A liquid curtain of five feet or so in height cannot conveniently be used for cooling the upper surface of hot metal strip issuing from a rolling mill because the outlet of the nozzle is positioned only five feet above the hot metal strip and the nozzle is easily damaged by the strip if a "cobble" causes part of the strip to be lifted upwardly from the roller table on which it is supported.
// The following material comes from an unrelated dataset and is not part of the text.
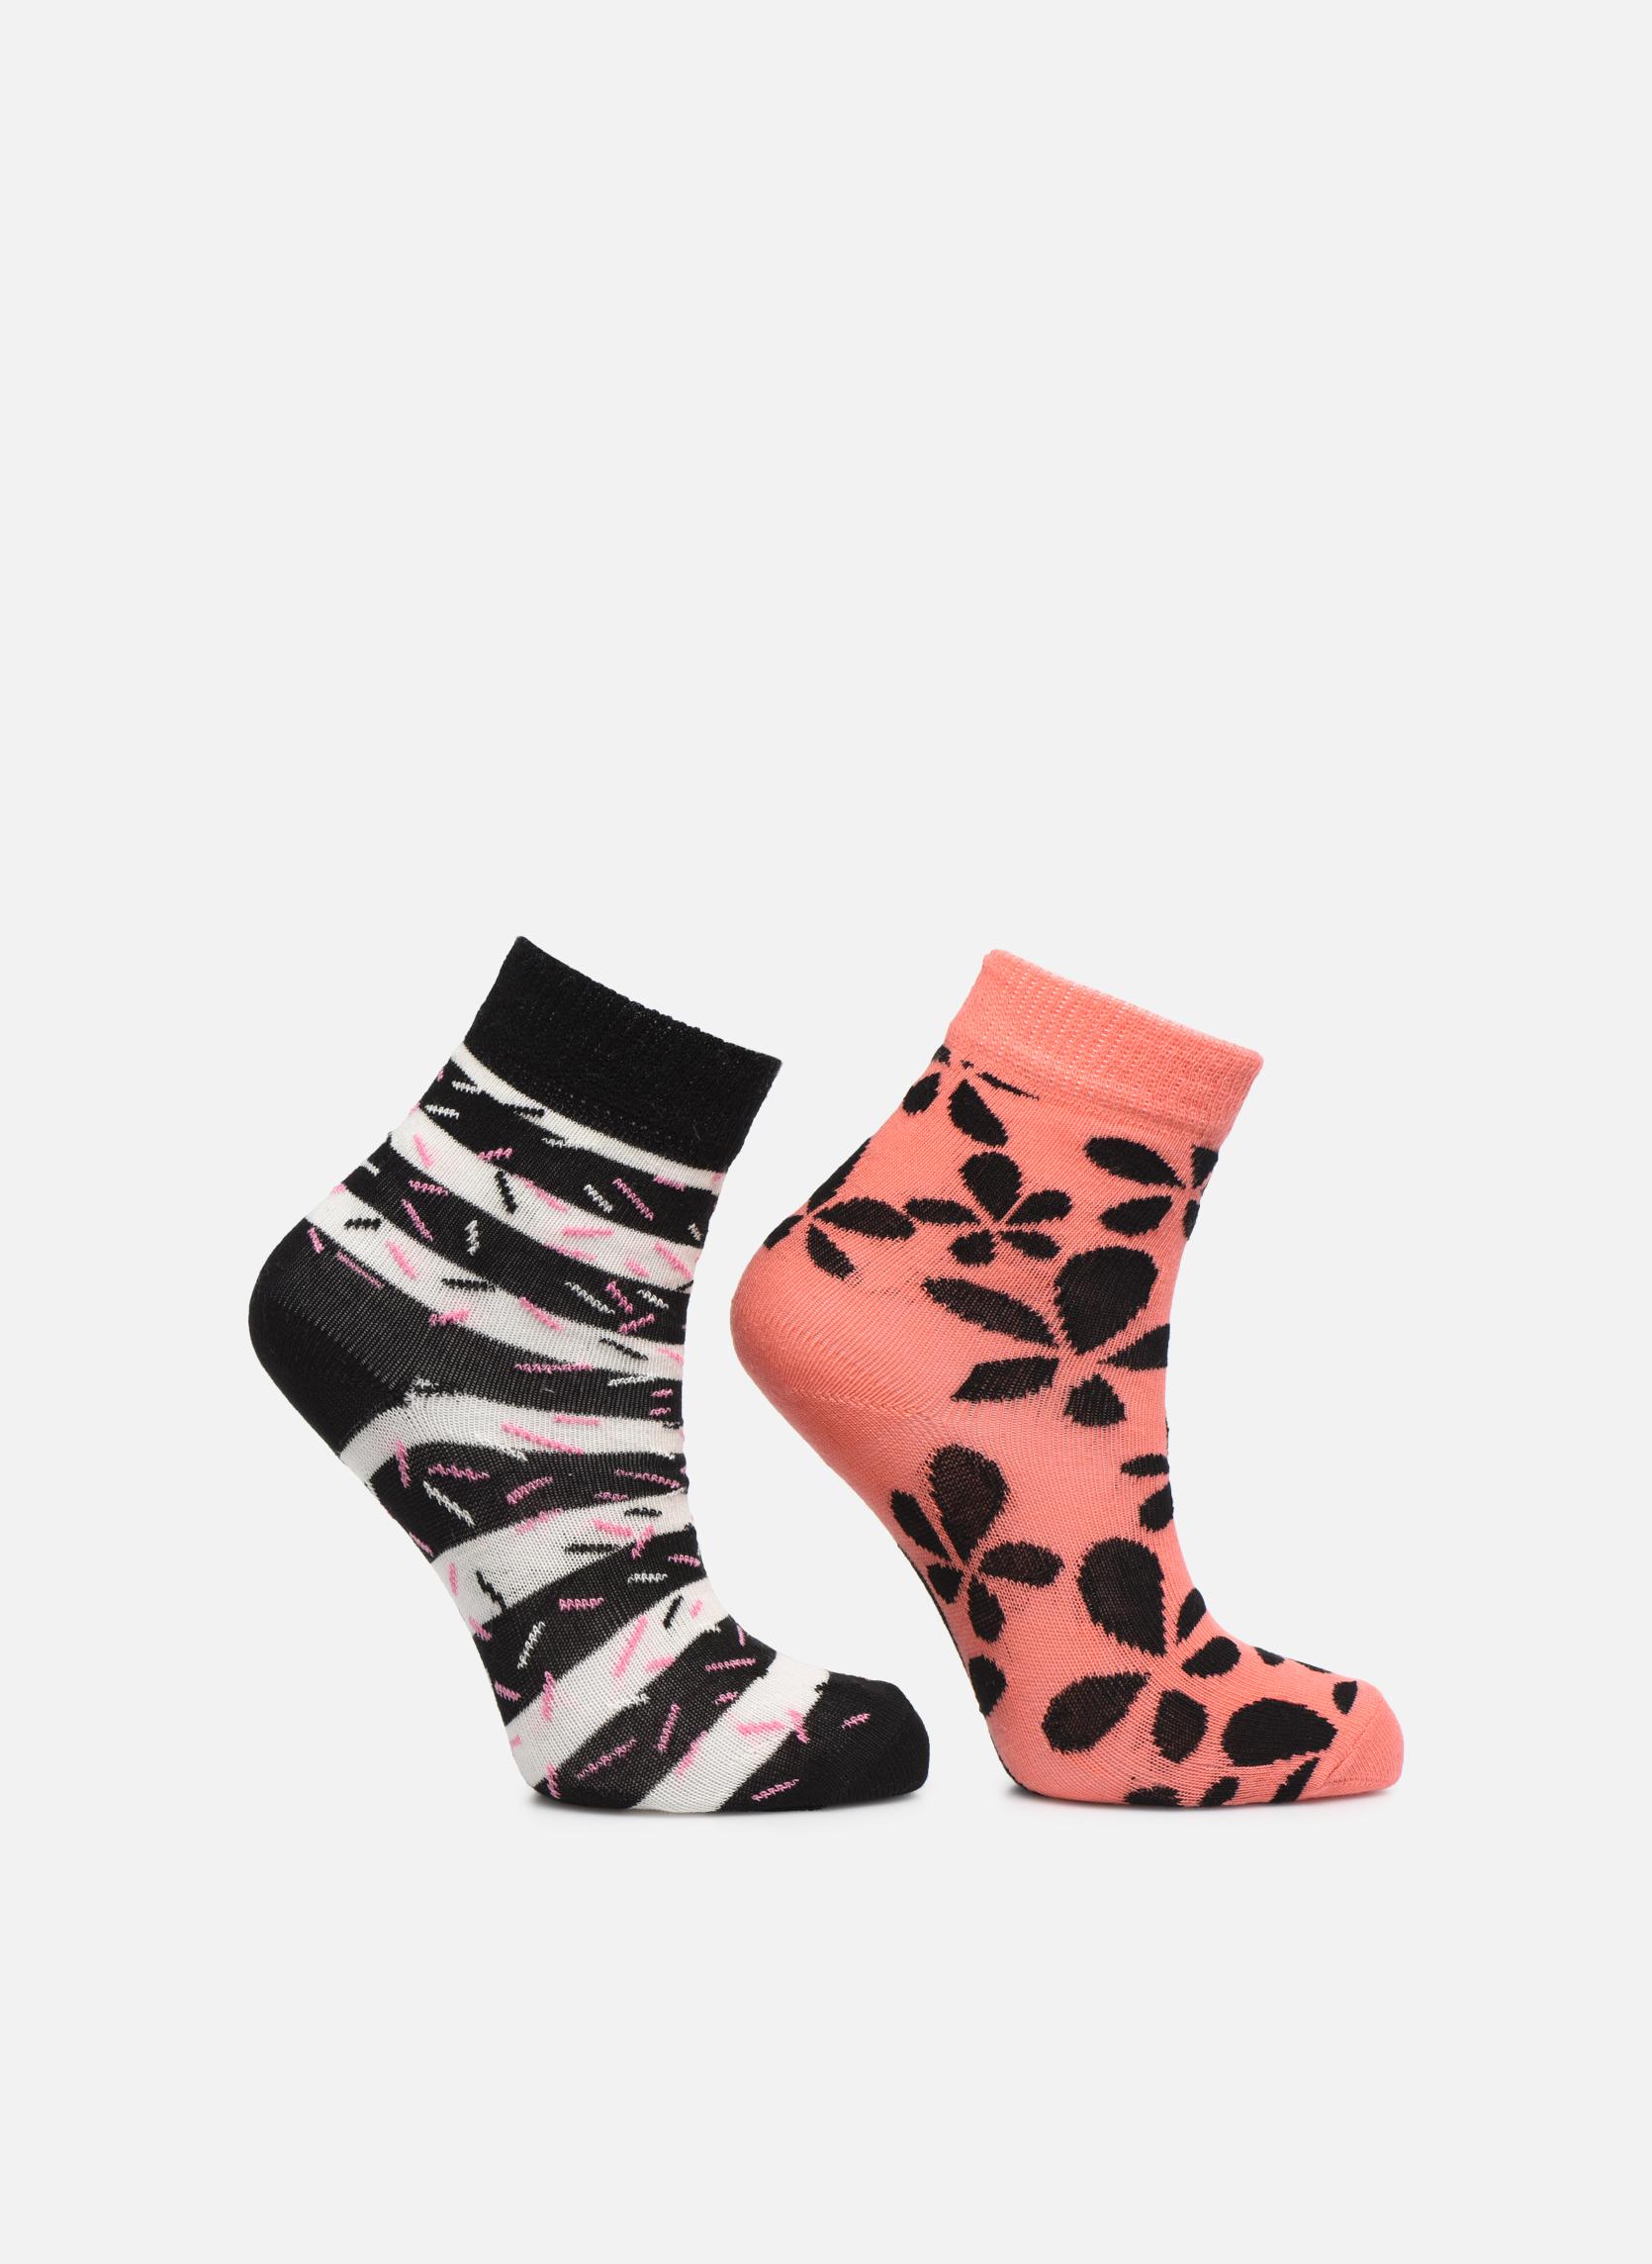 Socken & Strumpfhosen Accessoires Socken FLOWER 2er-Pack

In practice, therefore, means for producing a water curtain of about five feet in height is not suitable for cooling the upper surface of hot metal strip issuing from a rolling mill.

It is an object of the present invention to provide means for producing a coherent curtain of cooling liquid which can be of greater height than that produced by the apparatus referred to above.

According to the present invention, apparatus for supplying a coherent curtain of cooling liquid comprises

(a) a nozzle having an inlet and an outlet, each of elongate generally rectangular form but with the inlet having a considerably greater cross-sectional area than the outlet, and a portion located between the inlet and the outlet and containing means which divide the interior of that portion of the nozzle into a multiplicity of individual but contiguous passages extending in the direction between said inlet and said outlet, and

(b) a header tank having provision for receiving liquid coolant and in which at least the inlet of the nozzle is located, and wherein the outlet of the nozzle is outside of the header tank or communicates with an elongate slot in a wall of the header tank.

Apparatus in accordance with the invention is capable of producing a coherent curtain of liquid coolant in excess of seven feet in height and this means that when the apparatus is used for cooling the upper surface of hot metal strip issuing from a rolling mill, the outlet of the nozzle is at least seven feet above the metal strip thereby reducing the risk of damage to the apparatus when a "cobble" occurs.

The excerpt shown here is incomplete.